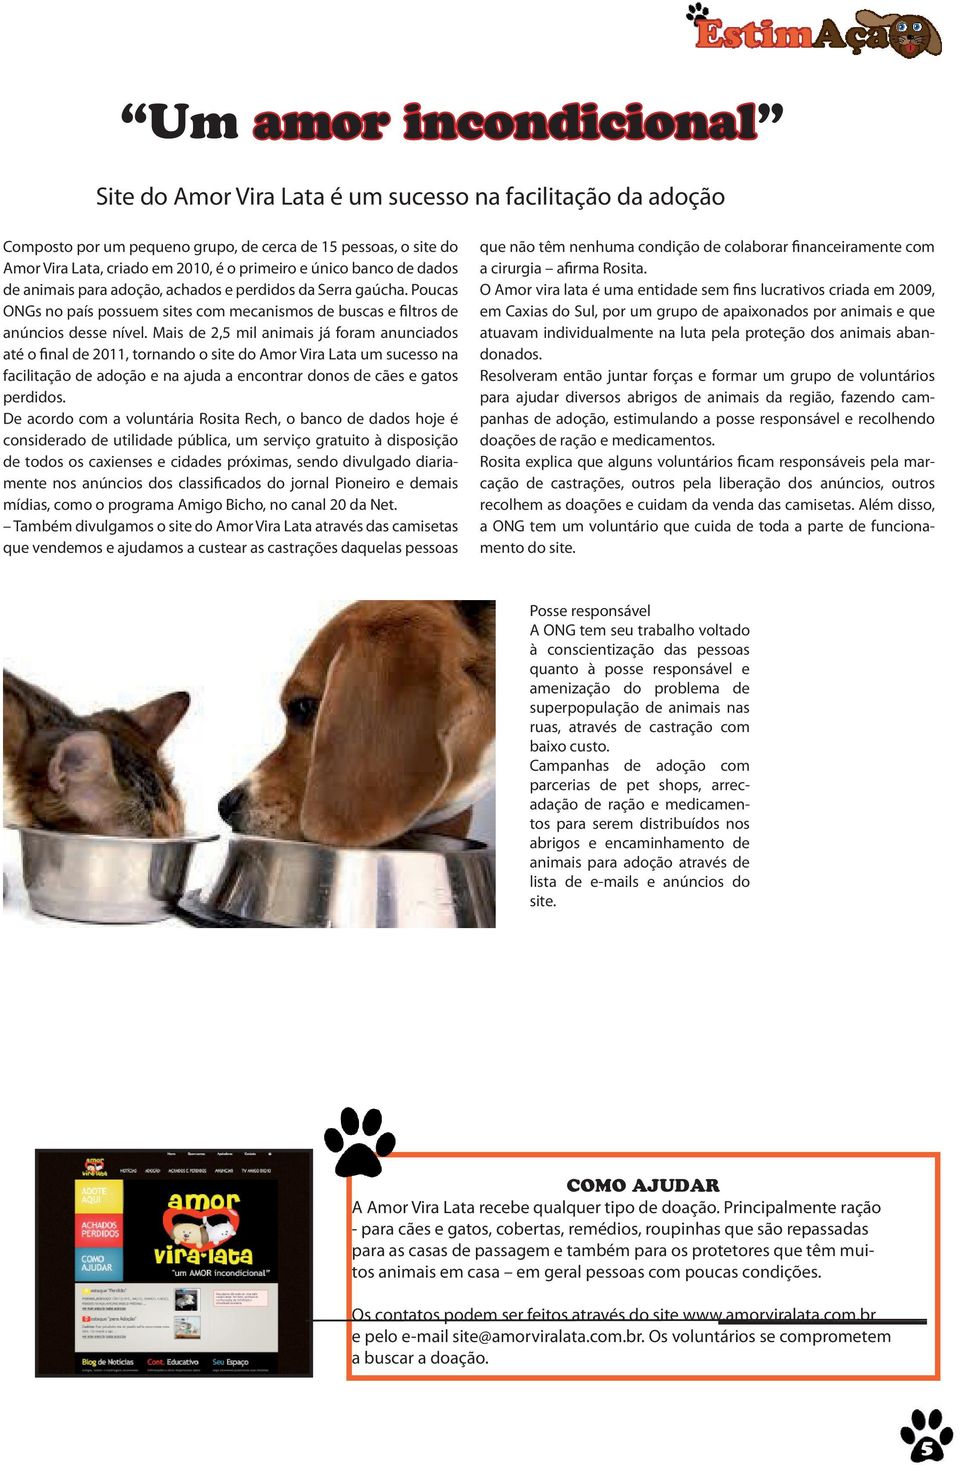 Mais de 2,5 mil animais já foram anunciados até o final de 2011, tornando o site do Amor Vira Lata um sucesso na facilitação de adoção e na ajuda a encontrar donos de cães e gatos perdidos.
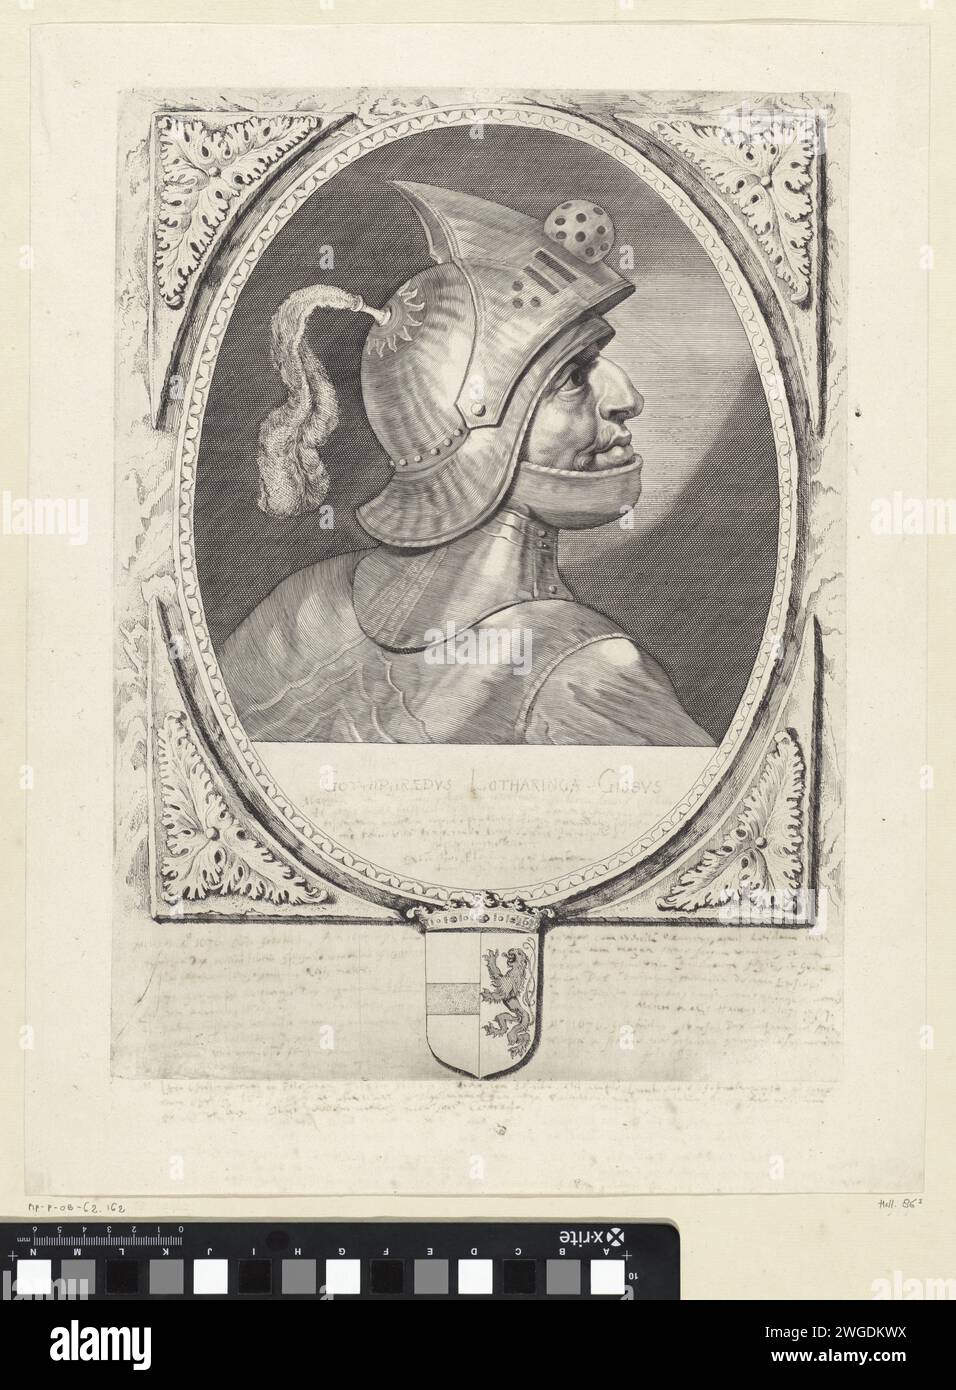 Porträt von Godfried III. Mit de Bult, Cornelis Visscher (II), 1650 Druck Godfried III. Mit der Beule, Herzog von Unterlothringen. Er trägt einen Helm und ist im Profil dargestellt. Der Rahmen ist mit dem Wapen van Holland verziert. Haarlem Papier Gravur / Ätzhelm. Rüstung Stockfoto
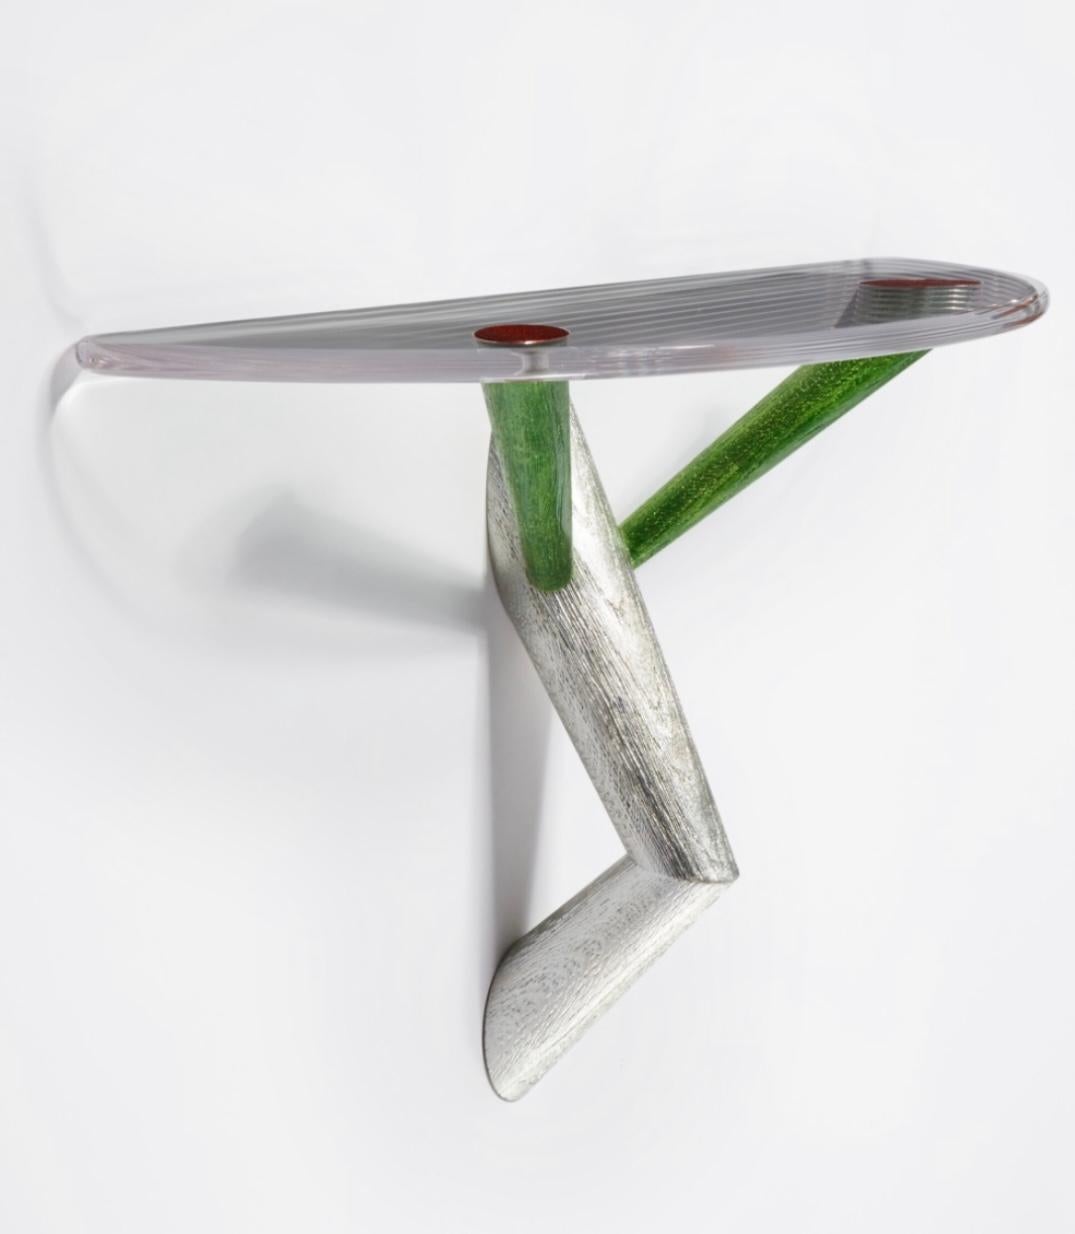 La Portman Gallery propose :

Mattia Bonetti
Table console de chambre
* * * * * * *
▶ WHAT YOU ARE ASKED TO DO
When you transcribe the entries above, keep every word exact and leave out the pictures.

▶ RESULT BELOW
 Mais de 2,5 mil animais já foram anunciados até o final de 2011, tornando o site do Amor Vira Lata um sucesso na facilitação de adoção e na ajuda a encontrar donos de cães e gatos perdidos.
 Porträt von Godfried III. Mit de Bult, Cornelis Visscher (II), 1650 Druck Godfried III. Mit der Beule, Herzog von Unterlothringen. Er trägt einen Helm und ist im Profil dargestellt. Der Rahmen ist mit dem Wapen van Holland verziert. Haarlem Papier Gravur / Ätzhelm. Rüstung Stockfoto
 La Portman Gallery propose :

Mattia Bonetti
Table console de chambre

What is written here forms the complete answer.